Why has the RBI barred Paytm Payments Bank from taking on new customers?

According to analysts, the Reserve Bank of India’s March 11 decision to prohibit Paytm Payments Bank from onboarding new clients might be due to a number of factors, including a violation of Know Your Customer (KYC) regulations, data storage, data privacy, and data outsourcing, among others.

The RBI also ordered Paytm Payments Bank, which is owned by Vijay Shekhar Sharma, to hire an IT audit firm to undertake a full system audit of its IT system.

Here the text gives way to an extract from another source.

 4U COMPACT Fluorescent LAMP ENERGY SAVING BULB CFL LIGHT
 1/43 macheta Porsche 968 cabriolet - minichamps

Paytm Payment Bank is required to obtain approval from RBI

“Paytm Payments Bank Ltd will be required to obtain particular approval from RBI after examining the IT auditors’ findings before onboarding new clients. This action is being taken in response to some serious supervisory concerns that have been raised at the bank “According to the regulator.

According to Yogesh Pirthani, a partner at ELP, the RBI has broad authority to impose limits on a banking institution under section 35A of the Banking Regulation Act, 1949. According to Pirthani, the RBI must have sought Paytm Payments Bank’s response on IT-related issues, and if the latter’s response was unsatisfactory, the central bank must have taken such action.

“It is apparent that the RBI is concerned about Paytm Payments Bank’s IT system.” RBI’s main concerns are data privacy, KYC, and data storage. The Reserve Bank of India has urged multinational corporations to locate their data centers in India, which is why American Express was also blacklisted. “The RBI has very explicit requirements on data centers, data storage, data outsourcing, and so on,” explains Pirthani.

Pirthani was alluding to the RBI’s July 14, 2021 order prohibiting Mastercard from onboarding new domestic users onto its card network due to noncompliance with local data storage regulations. Due to several faults in the bank’s online and mobile banking systems, the central bank had also barred HDFC Bank from launching new digital banking projects and issuing new credit cards.

Until the time of publication, an e-mail submitted to Paytm Payments Bank had not received a response.

According to a top expert who commented on the condition of anonymity, the specific extent of Paytm Payments Bank’s breach is difficult to estimate, but it must be severe. HDFC Bank was permitted to continue operating its other services, but Paytm Payments Bank has been told to halt onboarding new customers completely, which will have a substantial impact on the fintech giant’s expansion plans.

This could potentially put Paytm Payments Bank’s intentions to apply for a small financing bank (SFB) license in June on hold. “If the regulator is unsure about your systems and functionality, it will undoubtedly take them longer to grant you the license,” a source added.

On May 23, 2017, Paytm Payments Bank opened its doors. Moneycontrol stated on March 9 that the lender will most likely apply for an SFB license from the RBI by June.

The company has 100 million KYC customers, according to the Paytm Payments Bank website, and it is gaining 0.4 million users every month. According to the bank’s website, “We are also the largest issuer of FASTag with over 8 Million FASTag units issued.” According to Paytm’s results presentation, the company disbursed loans worth Rs 2,181 crore in Q3FY22. In terms of volume, the site disbursed approximately 4.4 million loans from October to December. ​

The RBI has previously ordered Paytm Payments Bank to suspend onboarding new users. According to sources, Paytm Payments Bank ceased enrolling new clients on its platform in 2018 after the RBI made observations. Paytm is said to have halted enrolling new users following an RBI examination, which found flaws in the company’s procedure for obtaining new consumers and its KYC compliance.